In a decision that will cause significant hardship to many municipalities in New Jersey, the state’s highest court ruled that a municipal volunteer who had no paying job is entitled to wage replacement benefits at the highest statutory rate when injured, despite the fact that there is no actual lost time from any paying employment. This decision will have a big impact on New Jersey, where most of the 565 small towns and municipalities have various volunteer organizations providing ambulance and firefighter service. While the decision falls in line with the wage-replacement benefit for volunteer first responders in neighboring New York and Pennsylvania the ruling will have a big impact on the highly-taxed small towns in New Jersey where this is a reversal of more than 100 years of precedent.

In Kocanowski v. Township of Bridgewater, decided February 19, 2019, the New Jersey Supreme Court found that a volunteer firefighter does not have to be employed to be eligible for temporary disability benefits under the New Jersey Workers’ Compensation Act.

Trial Court Decision

The Workers’ Compensation Law Judge (trial level) denied the application for temporary disability (wage-replacement) benefits. The trial judge found that temporary disability benefits were intended to be a wage-replacement and that Kocanowski was not entitled to these benefits because she was not employed at the time of her accident. That decision was affirmed by the Appellate Division, which ruled that “although a volunteer firefighter is entitled to temporary benefits at the maximum rate . . . there first must be an entitlement by the volunteer to payment of temporary benefits. That payment depends on proof of lost wages.”

Supreme Court Reasoning

The Supreme Court took the matter on appealing reversed the trial judge and the Appellate Division decision.

First, and to justify this precedent-setting decision, the Supreme Court found that the statute was “unclear” despite decades of precedent to the contrary. The Court accepted “amicus curiae” (“friend of the court”) brief filed by two plaintiff’s lawyer groups (The New Jersey Association for Justice and the New Jersey Council on Safety and Health). In a series of passages sure to be seized upon by future appellants, the Court found that that requirement for temporary disability benefits be based on “weekly salary or compensation conclusively presumed to be received” (N.J.S.A. 34:15-75) was unclear. Obviously, it is very clear: the statute intended that payment of compensation be based on wage or salary that the claimant was obtaining outside of the volunteer capacity. A comprehensive reading of the statute yields that obvious conclusion.

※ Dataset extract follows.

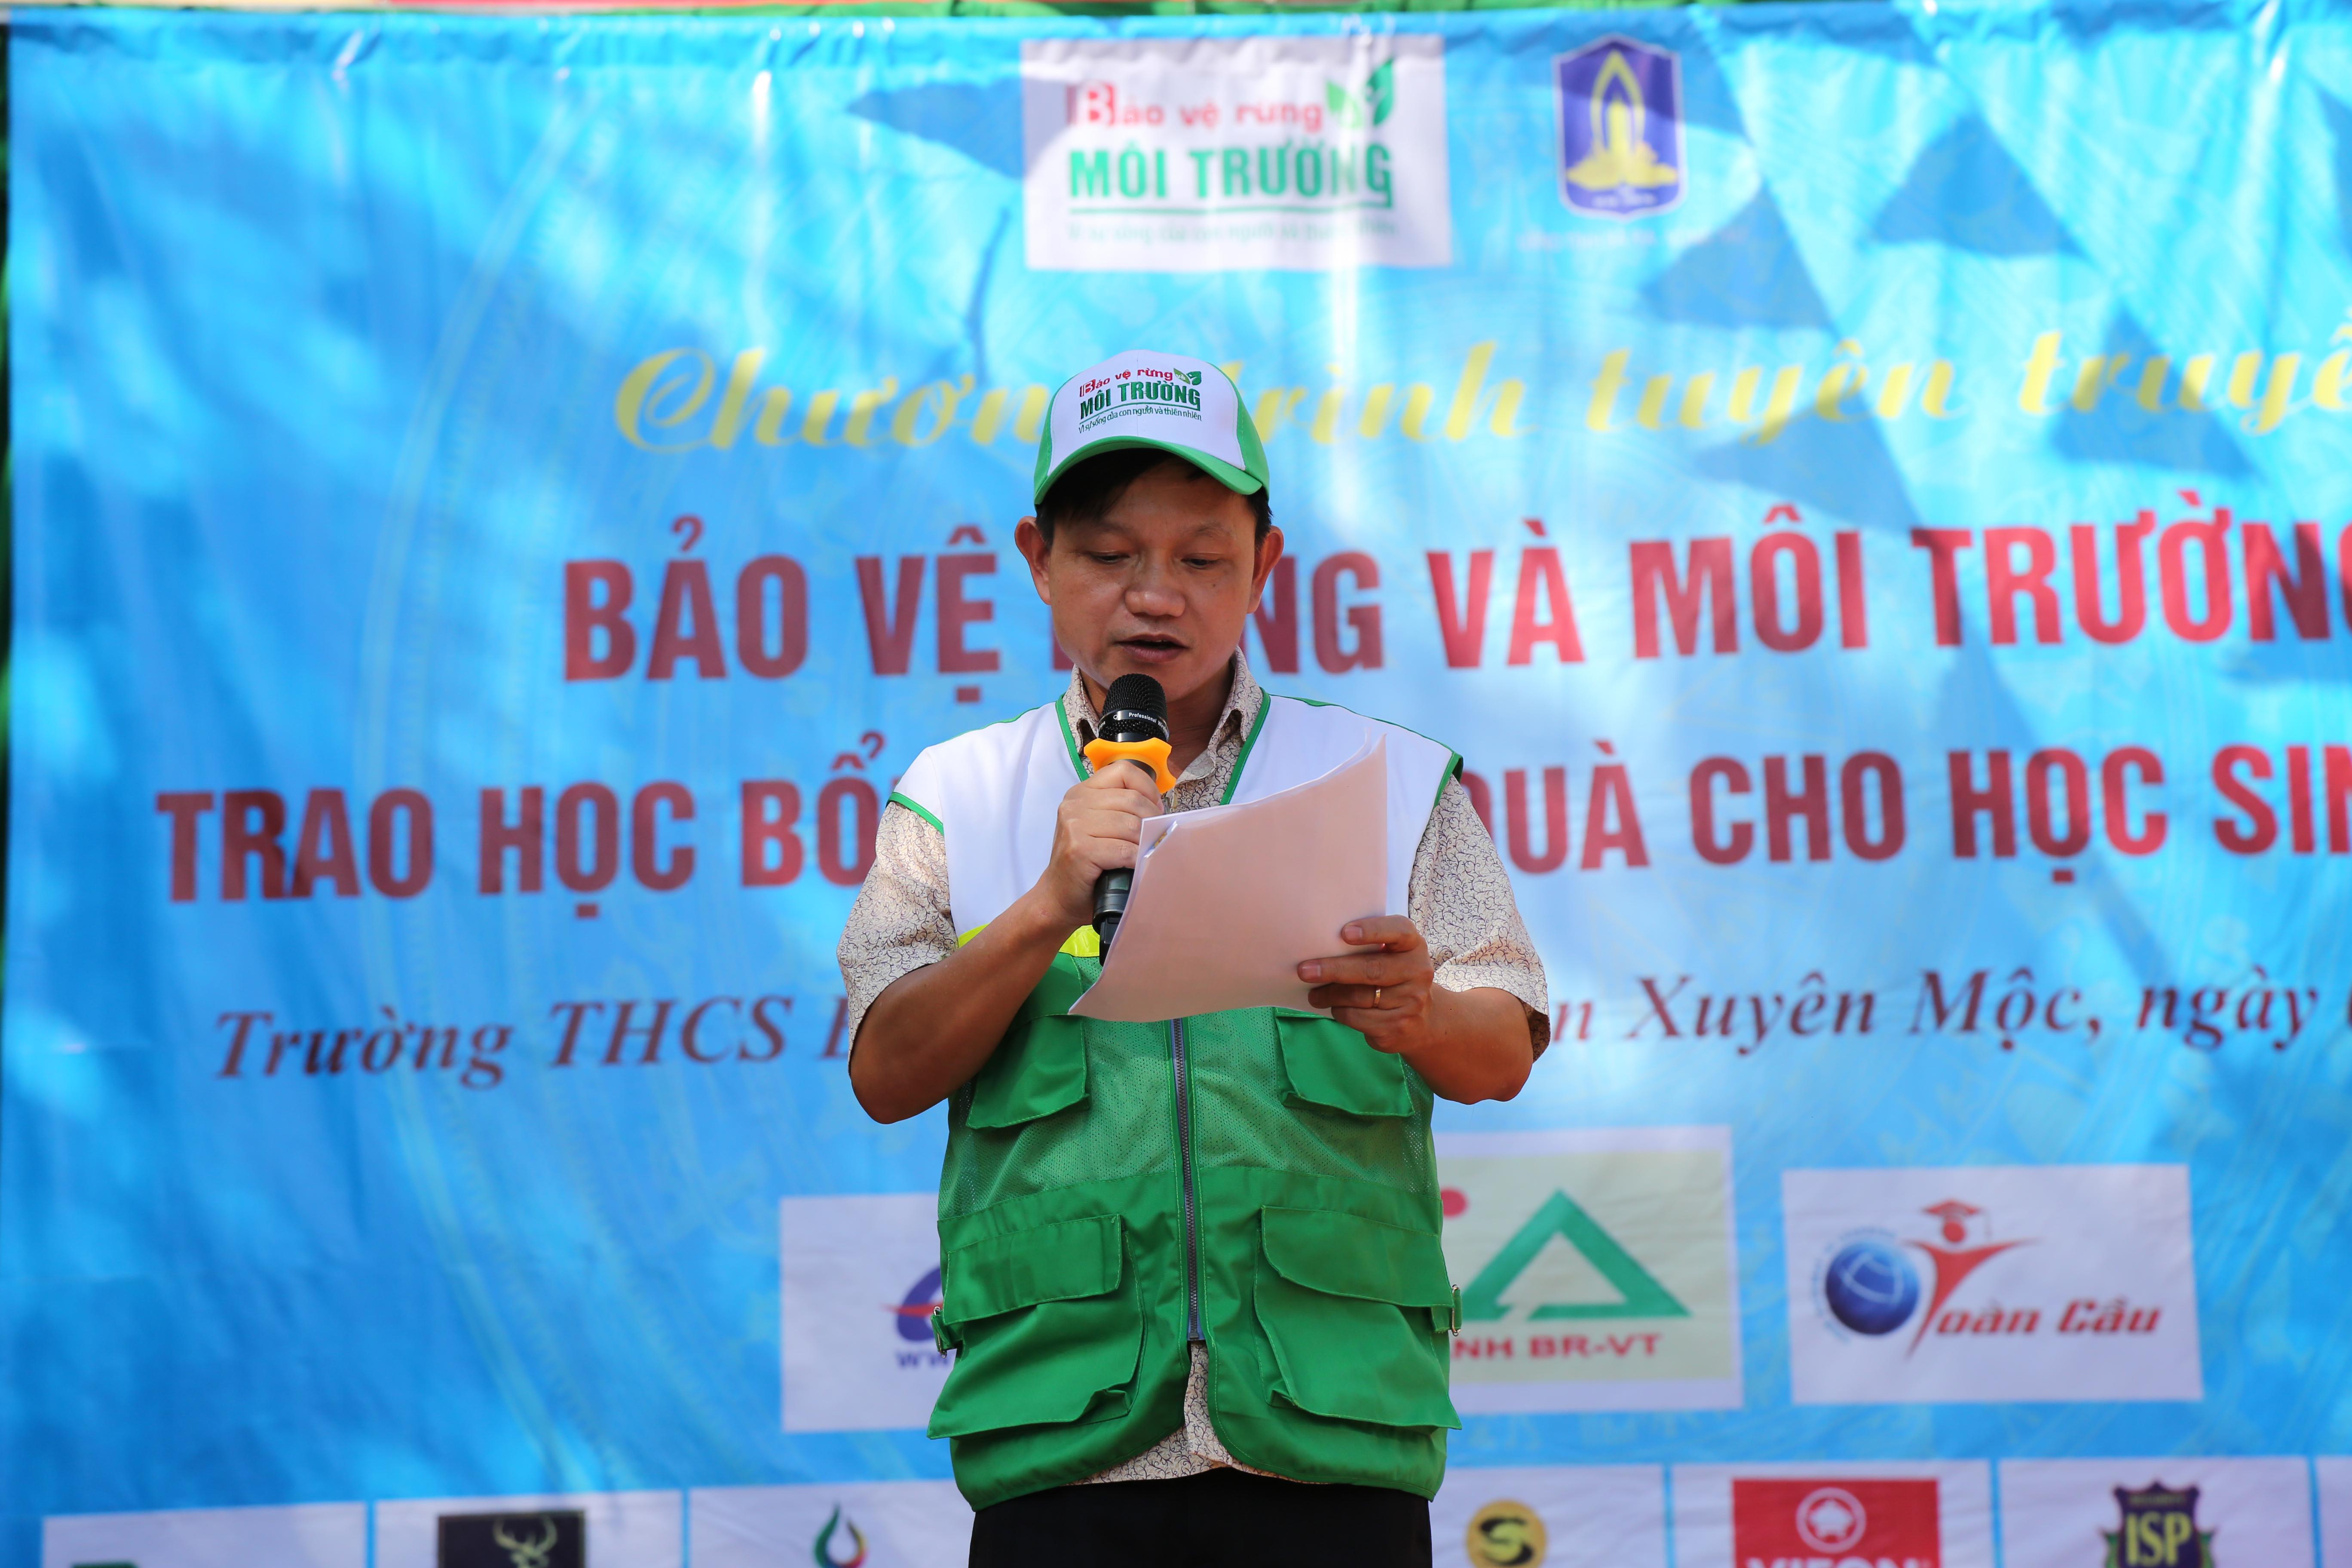 Ông Nguyễn Anh Tuấn, Trưởng VP TT Phía Nam Tạp chí điện tử Bảo vệ Rừng và Môi trường phát biểu tại chương trình.

However, using this as grounds to declare the statute “ambiguous” the Court then found that the statute “authorizes all volunteer firefighters injured in the course of performing their duties to receive the maximum compensation permitted, regardless of their outside employment status at the time of the injury.” In doing so the Supreme Court (Justice Timpone, writing for the Court) found that Section 38 of the statute, which expressly limits compensation (however calculated) to those employees who can not continue at work or resume work, does not apply to volunteer firefighters.

Practical Results

As a result of this decision, the injured firefighter is entitled to $855 per week in lost time benefits, despite the fact she held no gainful employment outside of her volunteer activities and lost no time from any paying job.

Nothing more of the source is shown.